(426l) Residue-Rotamer-Reduction for Fast Protein Side-Chain Conformation Prediction | AIChE

(426l) Residue-Rotamer-Reduction for Fast Protein Side-Chain Conformation Prediction

Authors 

Xie, W. - Presenter, Department of Chemical Engineering, University of Illinois at Urbana-Champaign


Energy minimization is a widely used technique for predicting protein side-chain conformation as well as determining amino acid sequences that fold to desired three-dimensional structures. When the side-chain rotations are allowed to take continuous values, these energy minimization problems become intractable. For this reason, rotamer libraries have recently been proposed and minimization is carried out by assuming that each residue will assume one of its ``statistically significant conformations.'' However, even this problem is known to be NP-hard and remains very challenging to solve. Amongst the algorithms that have been proposed for this important problem, ``dead-end-elimination'' [1] and its variants are currently the most efficient. However, the efficiency of these algorithms deteriorates significantly for large proteins and when realistic potential energy functions are employed.

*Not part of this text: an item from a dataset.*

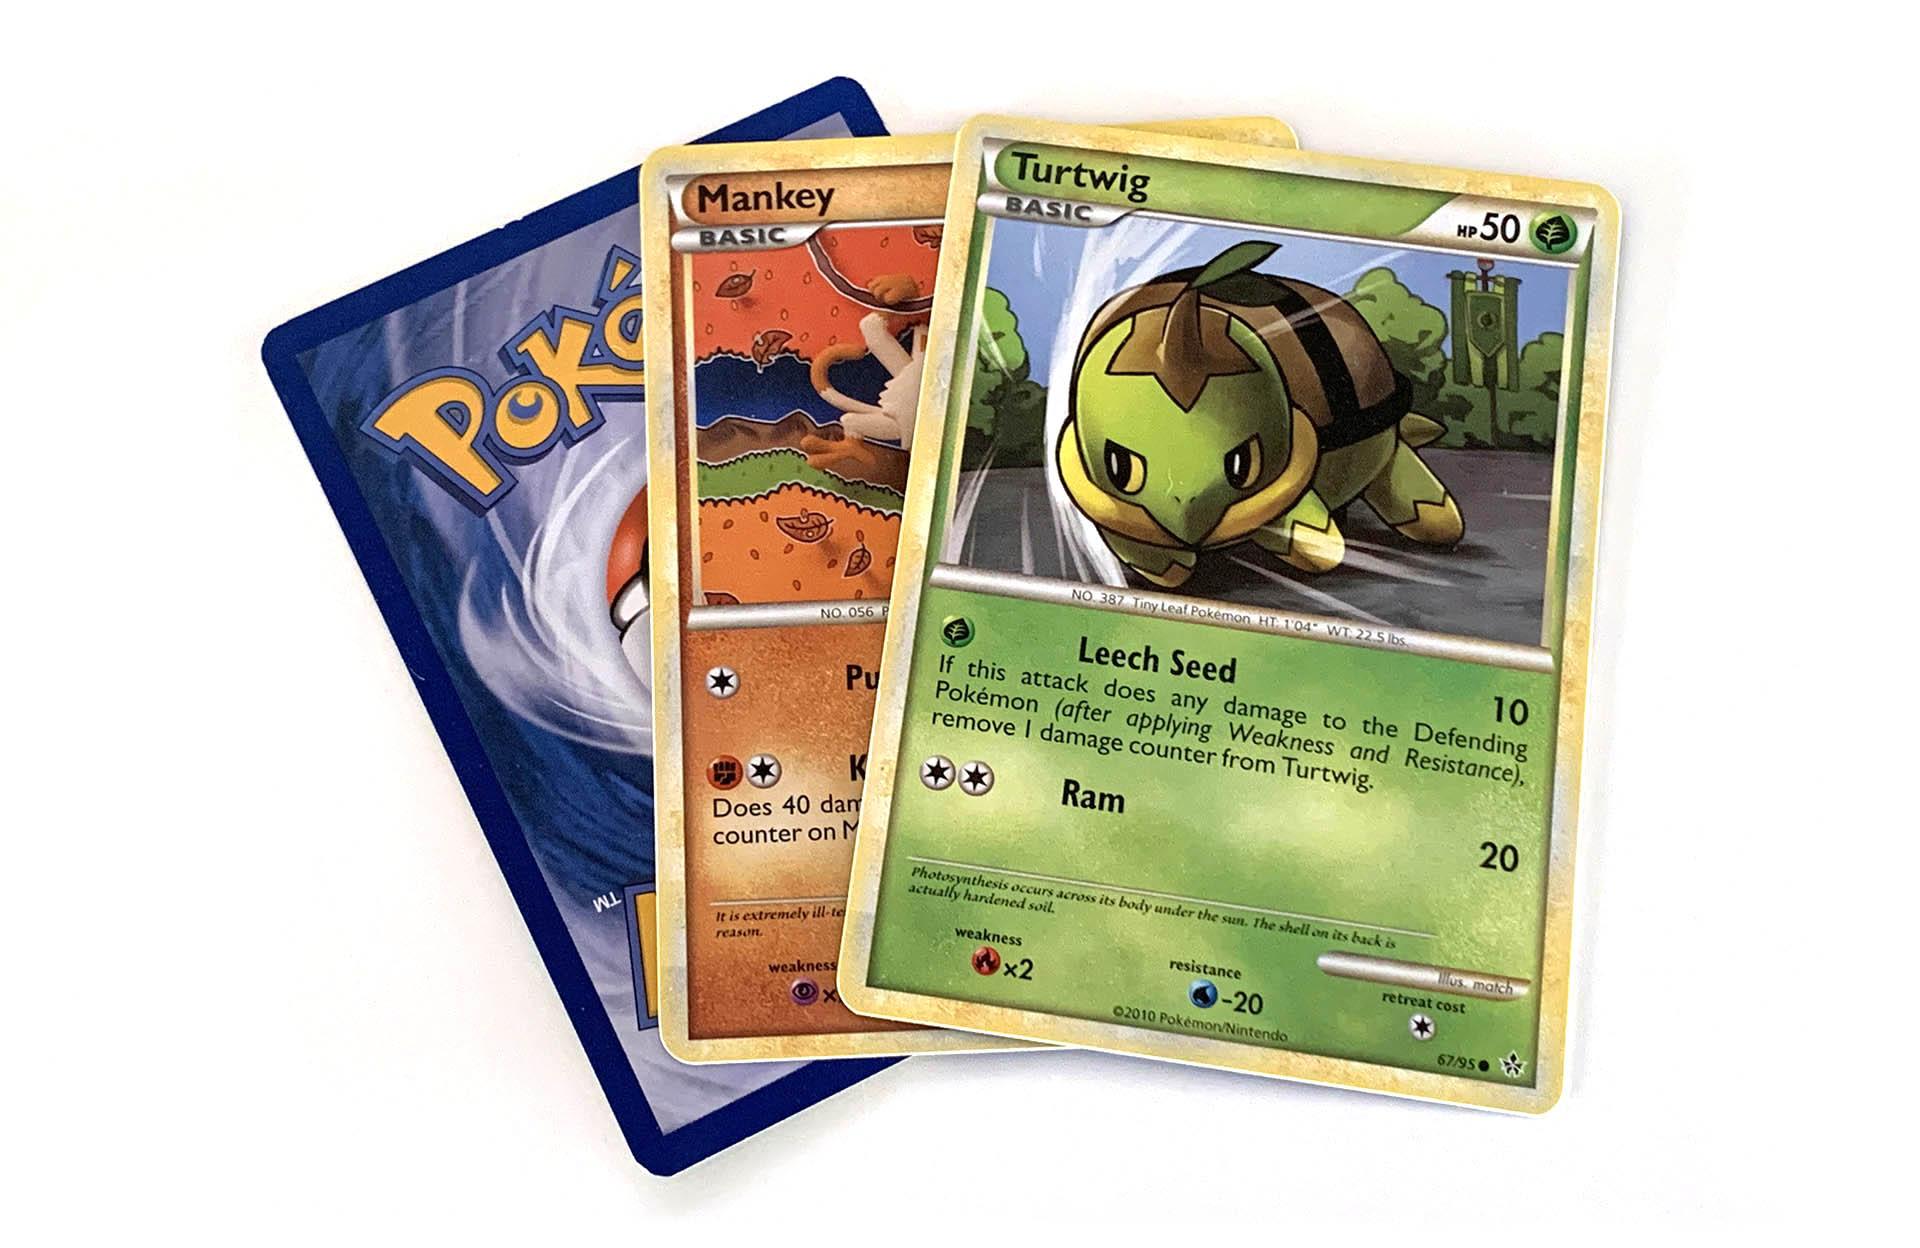 Pokémon trading cards 2010 series

In this work, we develop a novel algorithmic to predict side-chain conformations of realistic size proteins. In particular, a residue-rotamer-reduction (R3) algorithm is proposed that integrates residue reduction and rotamer reduction for the first time, in contrast to traditional dead-end-elimination methods that only focus on rotamer reduction. We also describe the data structures that are needed for an efficient implementation of our algorithm. The implementation results in the R3P package that we provide free to the research community. Computational results are presented on a set of test problems from the literature for which R3P is compared with a mixed-integer linear programming formulation [2] and the widely used SCWRL 3.0 package [3]. These results show that R3P is one to two orders of magnitude faster than the mixed-integer linear programming formulation and SCWRL 3.0. Furthermore, our approach is capable of solving in a few seconds even the largest test protein with about 2,000 residues. The predicted side-chain dihedral angles are comparable to those reported in the literature [2] and also close to those in the crystal structures.

References:

[1] Desmet, J., M. Demaeyer, B. Hazes, and I. Lasters, ?The dead-end elimination theorem and its use in protein side-chain positioning,? Nature, 356(6369): 539-542, 1992.

[2] Kingsford, C., Chazelle, B. and Mona, S., ?Solving and analyzing side-chain positioning problems using linear and integer programming?, Bioinformatics, 21(7):10281039, 2005.

[3] Canutescu, A., Shelenkov, A. and Dunbrack, R., ?A graph theory algorithm for rapid protein side-chain prediction,? Protein Engineering, 12, 2001?2014, 2003.